However, our predictions are never 100% accurate. On any given day, there is a certain amount of error. Running the model for the day before the election, there is about 2.2% error (in terms of root-mean-square error, which I’ll talk more in section 4) in the model of the national popular vote — equaling a margin of error around 4.5% — so we can be reasonably good forecasters of the national environment! (Note that, because a new model for the vote is defined each day, each day also has its own particular national polling error.)
Of course, the national popular vote does not matter much at all; the number of seats each party receives will determine the fate of the House. So let’s see what past vote shares have said about the number of seats won by Democrats.
Step 3. Projecting the Democrats’ House seat share — the easy way
The clearest path to projecting seat share would be to use past information about the relationship between votes and seats to project 2018’s relationship. That is, when Democrats have earned 54% of the vote in the past, how many seats did they win? Put a better way: if we try to predict past Democratic seat share with their national vote share, what would 54% vote share predict?
This method actually yields pretty good results. From a statistical perspective, this model is sound.
But theory says something else.
The problem with forecasting national seat share with nationwide vote share is that House seats are not a perfect portrait of the vote. For example, in 2016 Democrats won 49.4% of the two-party popular vote in the House, yet they only won 44.5% of seats. In 2014, Republicans won 53% of the vote yet were awarded 57% of the seats. Way back in the 2006 midterm, Democrats won 55% of the vote but only received 53% of seats. There is a clear bias against Democrats in the House of Representatives. There are multiple explanations for this malapportionment.
Firstly is the obvious explanation: Republicans have, over the past decade, built up control of a majority of state legislatures, allowing them to gerrymander House district maps and give themselves a leg up on Democrats competing for those seats. Be it a racial gerrymander — where the power of minority voters) who are often Democrats) is diluted — or a partisan gerrymander — whereby Republicans draw district maps to explicitly benefit themselves — Democrats face a harsh uphill battle.
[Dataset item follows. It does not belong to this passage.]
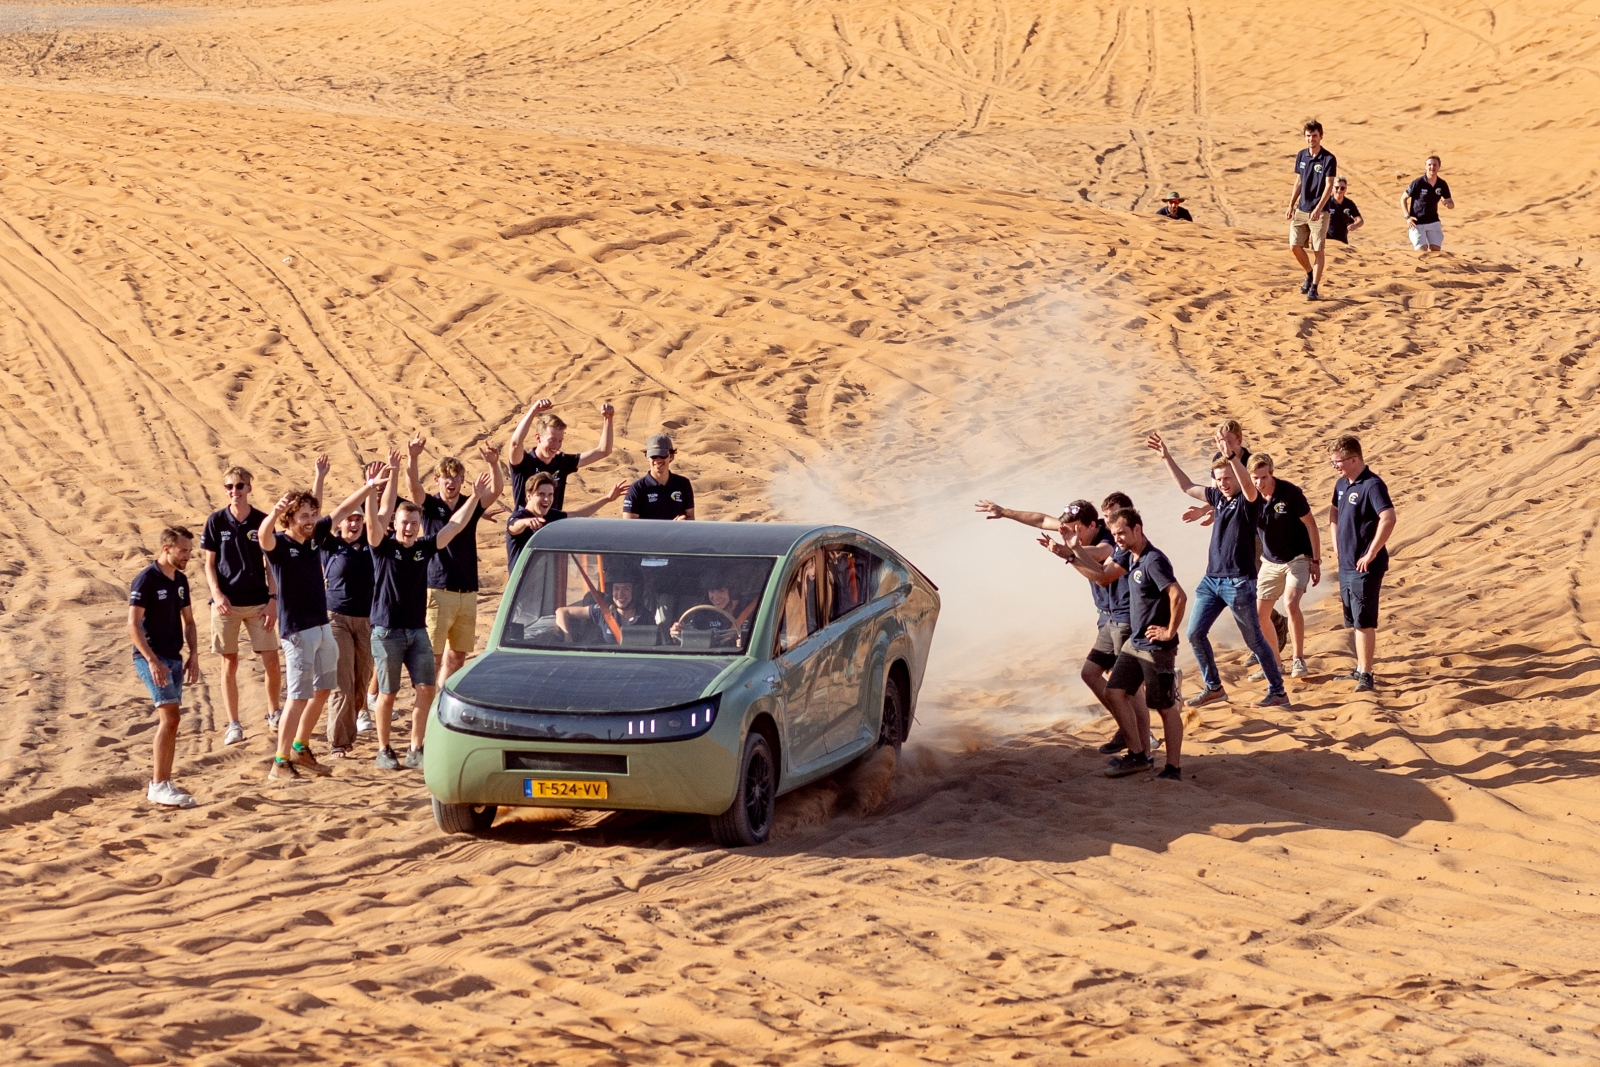 students welcome arrival of solar car at the Sahara desert

Secondly, and perhaps more gravely, Democrats face an “unintentional gerrymander”, a structural disadvantage they may have crafted themselves. The data show that Democrats have become clustered in tight geographic areas, weakening their influence over the inherently geographically controlled House. This is commonly attributed to a phenomenon called sorting, the process by which partisans move to areas where they feel they fit in. For Democrats, this concentrates their electoral power in compact urban areas. Republicans, on the other hand, spreading out their influence over massive swaths of sagebrush and pick up a disproportionate number of seats.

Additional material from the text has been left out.